You can find the given program on the g0 in /nfs/unsafe/httpd/ftp/pub/anton/lvas/effizienz-aufgabe23/ (use

cp -r to copy the whole directory to your account on the
g0

), or on the web You can compile the given program magichex.c with make (you need to copy magichex.c and the Makefile for this. The resulting binary is called magichex and you can invoke it as follows:

  ./magichex <n> <d> <value1> ... <valuem>

The values are optional. n is the size of one side of the magic hexagon (also called the order of the magic hexagon); it is 3 for the example above. d is a parameter that influences the range of the set of consecutive numbers; the numbers are centered around d(2n-1); for the example above d=2, and the numbers are centered around 10 (from 1-19). I.e., you get the result above with

  ./magichex 3 2

or with make test1. There is also a

make
test2

, which tests ./magichex 3 0, which produces 26 solutions.

If you provide values, they fill in the hexagon starting with the leftmost element of the first line, then to the right, then the next line, and so on. This eliminates a lot of search space, reducing the possible number of solutions, but also reducing the needed amount of search time. E.g, if you perform

  ./magichex 3 0 -9

you only get the 5 solutions of the 26 mentioned above where the left element of the top row is -9.

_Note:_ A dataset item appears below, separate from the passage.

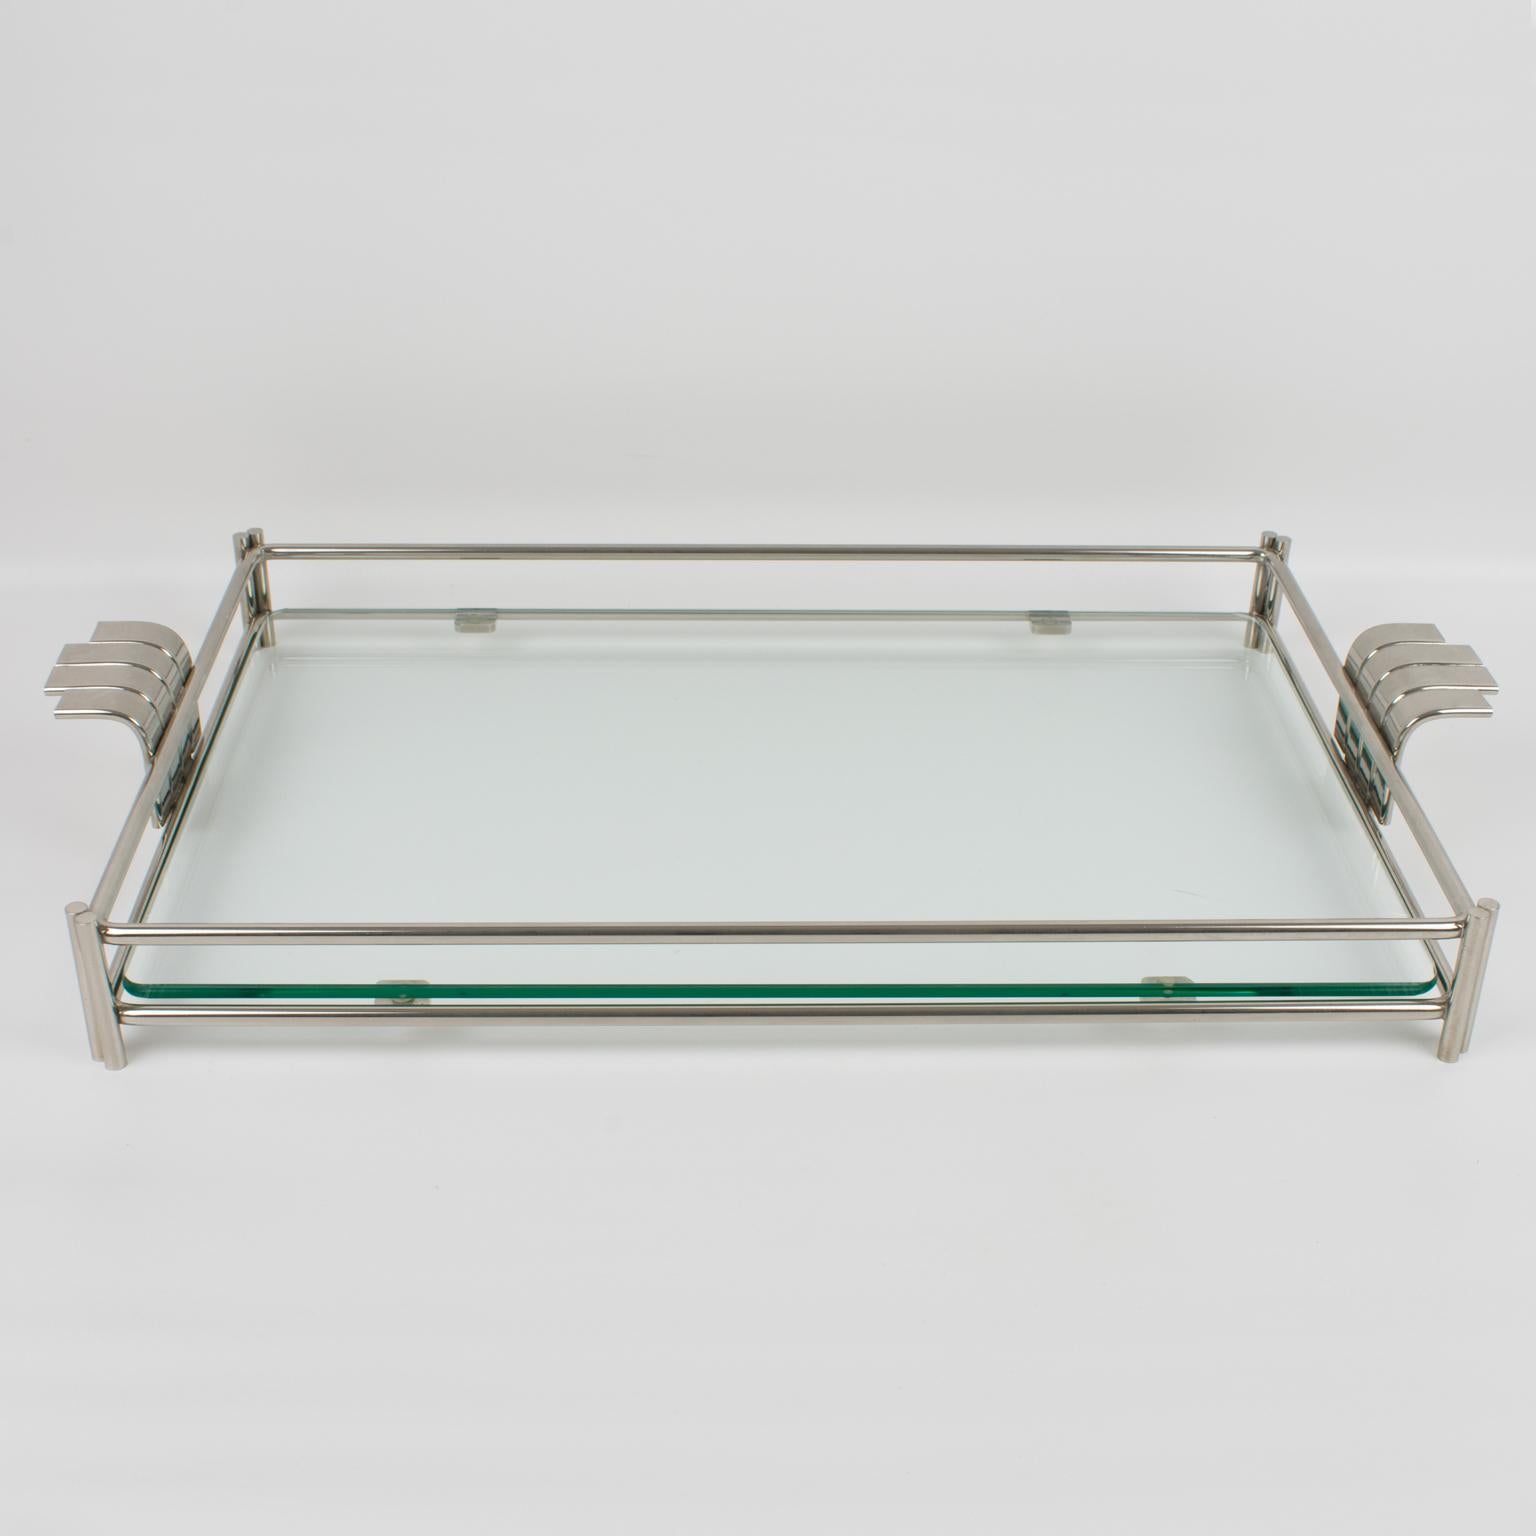 This sophisticated modernist barware serving tray platter was designed for the Christian Dior Home Collection in the 1980s. The large rectangular butler shape is built with silvered metal framing and a thick glass slab insert. The tray is

To evaluate your optimizations, start with

  perf stat -e cycles:u -e instructions:u -e branches:u -e branch-misses:u \
  -e L1-dcache-load-misses:u ./magichex 4 3 14 33 30 34 39 6 24 20

You can run this with an output check with make measure, or without (but showing the solutions on the terminal) with

make
nocheck

With the given program compiled with -O3 this outputs 40 solutions (where all solutions are checked with make measure) and the following performance results:

 310194428814      cycles:u             
 897820790268      instructions:u        # 2.89  insn per cycle
 257049961217      branches:u
   2366511820      branch-misses:u       # 0.92% of all branches
       141455      L1-dcache-load-misses

 66.160150710 seconds time elapsed

 66.123002000 seconds user
  0.003999000 seconds sys

Your optimized program has to produce the same solutions in any order; you do not need to preserve the output of the number of visited leafs (this can be considered to be another kind of performance counter). To compare the output for correctness, process it with

  ./magichex ... |
  grep -v solution|
  awk '/^leafs visited:/ {printf("\0")} /^leafs visited:/,/^$/ {next} 1'|
  sort -z|
  tr '\0' '\n\n' |
  diff -u reference-output -

make measure does this.

I expect that your optimizations will produce vast improvements in run-time. This may allow your program to solve larger problems while still taking <90s of CPU time (user+system). So if you improve your program, try larger problems by deleting some of the given values (starting from the right). Of course, this may produce additional solutions, so you will have to generate a new reference output (after first checking that your program still produces the given reference output for the original values) for your further work, using the same kind of canonicalization as shown above.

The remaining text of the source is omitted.